● PROBLEM TO SOLVE:
Your copy should begin with the line containing "Sensation Comics Featuring", end with the line containing "Bagno sofisticato con", match the listing below exactly, and contain no pictures.

● INPUT FOR THIS TASK:
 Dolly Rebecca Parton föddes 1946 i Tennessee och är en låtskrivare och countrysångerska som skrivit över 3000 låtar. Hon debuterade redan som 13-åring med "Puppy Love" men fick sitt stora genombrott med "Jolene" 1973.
---
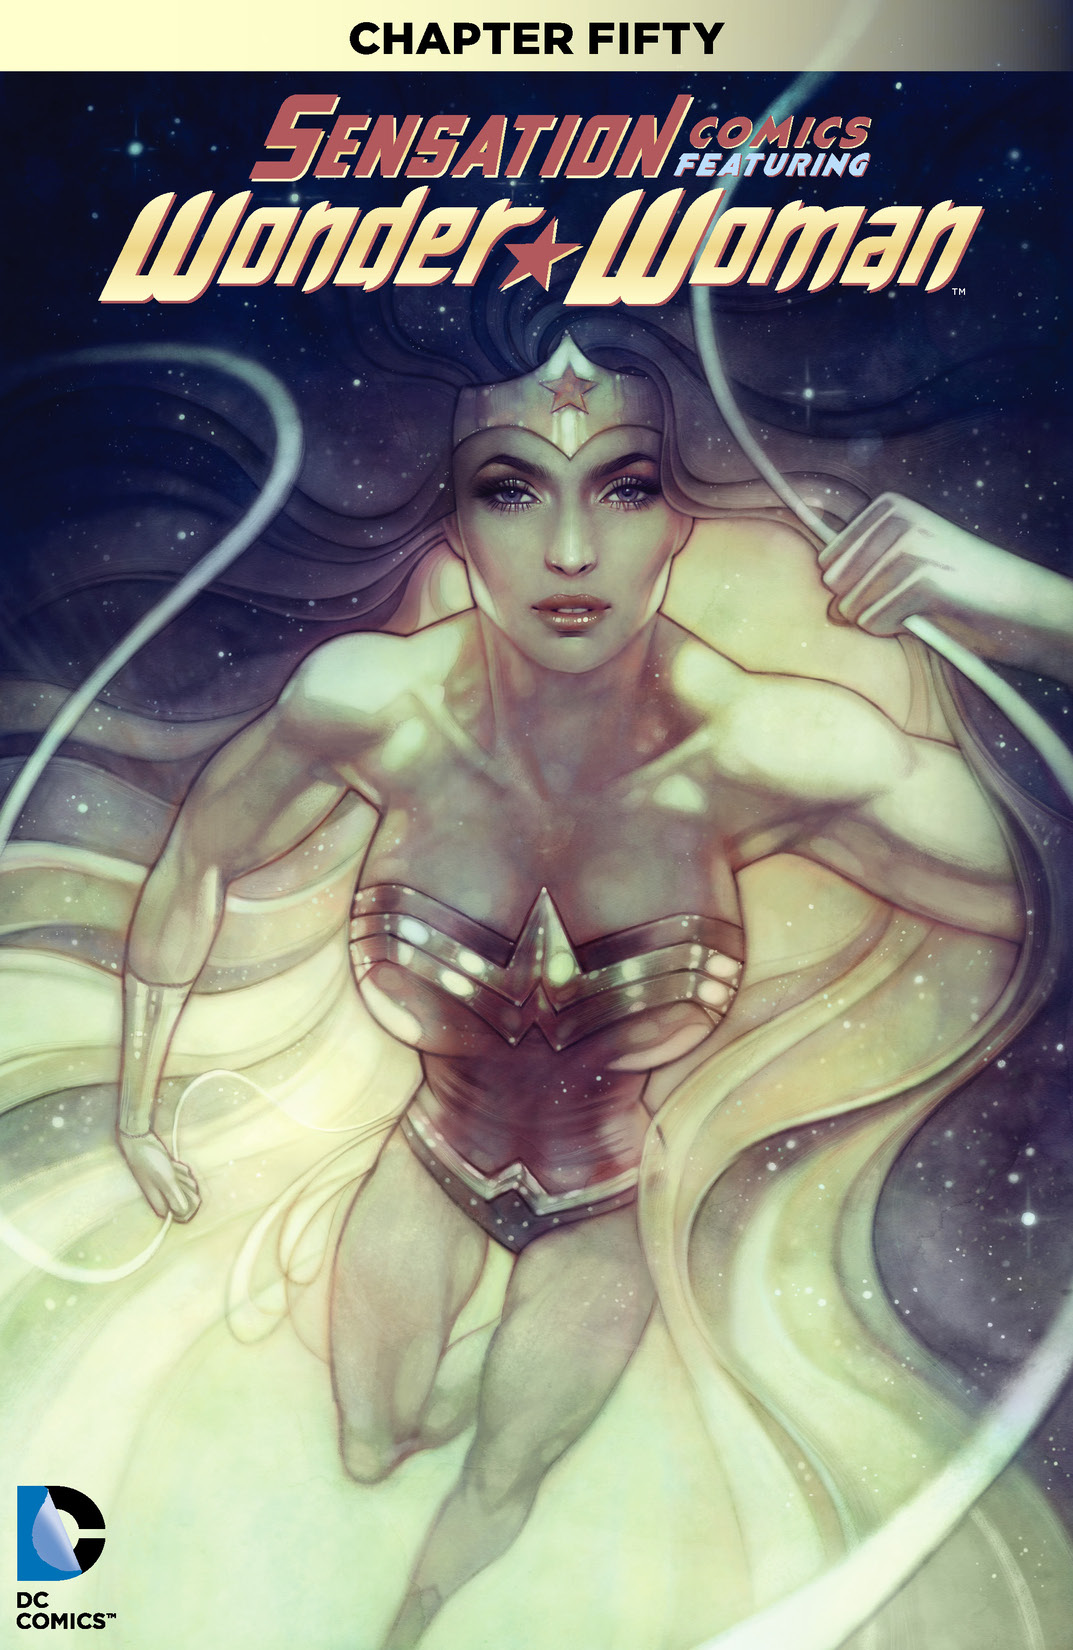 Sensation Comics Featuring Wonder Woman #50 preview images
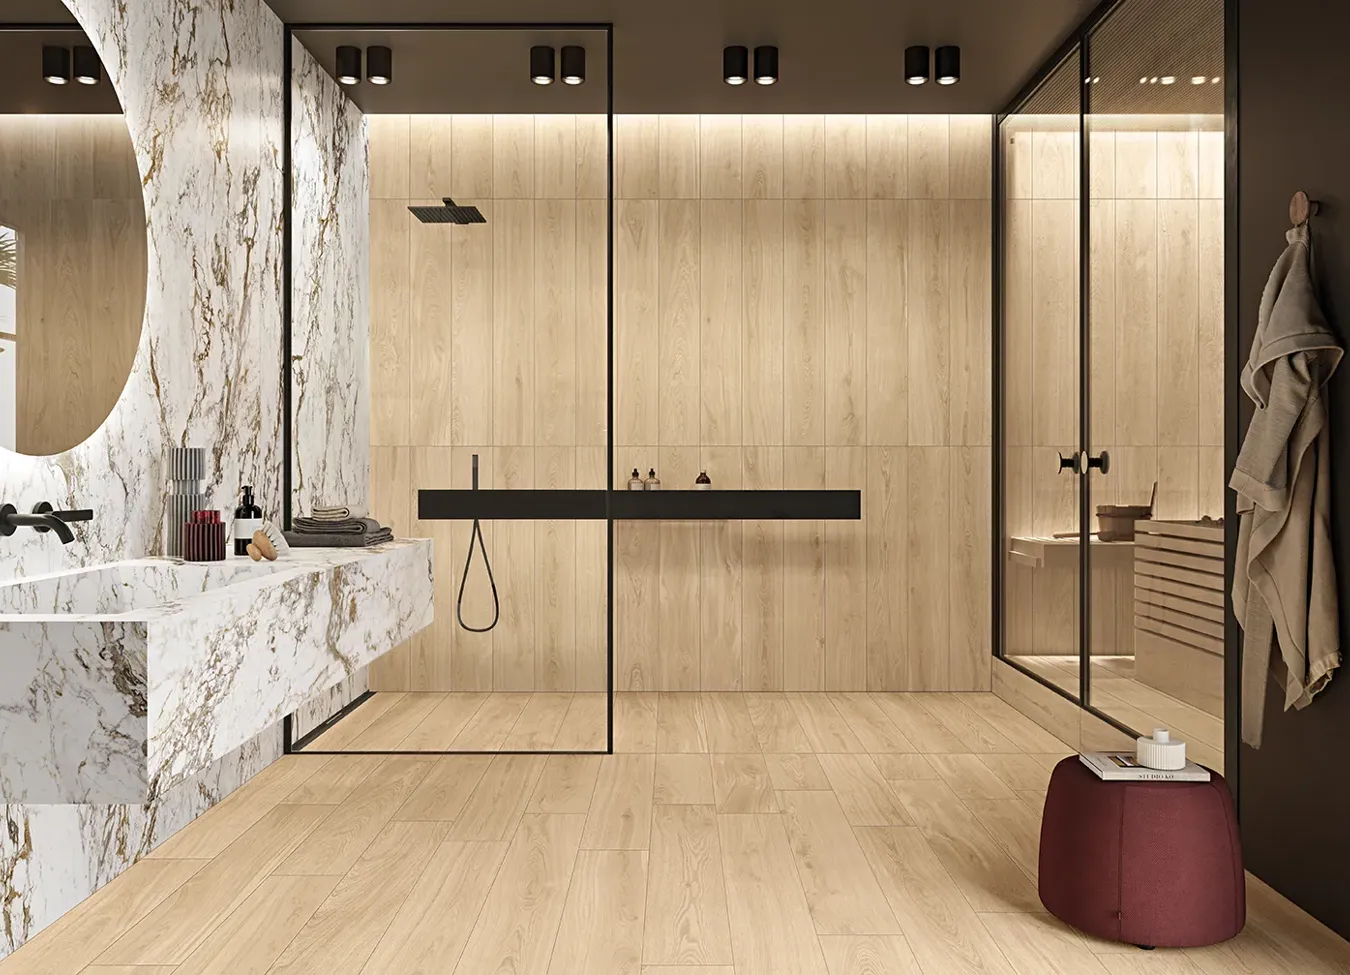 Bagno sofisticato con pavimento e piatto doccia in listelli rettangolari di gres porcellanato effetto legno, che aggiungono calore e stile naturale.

● EXERCISE SOLUTION:
 Sensation Comics Featuring Wonder Woman #50 preview images
 Bagno sofisticato con pavimento e piatto doccia in listelli rettangolari di gres porcellanato effetto legno, che aggiungono calore e stile naturale.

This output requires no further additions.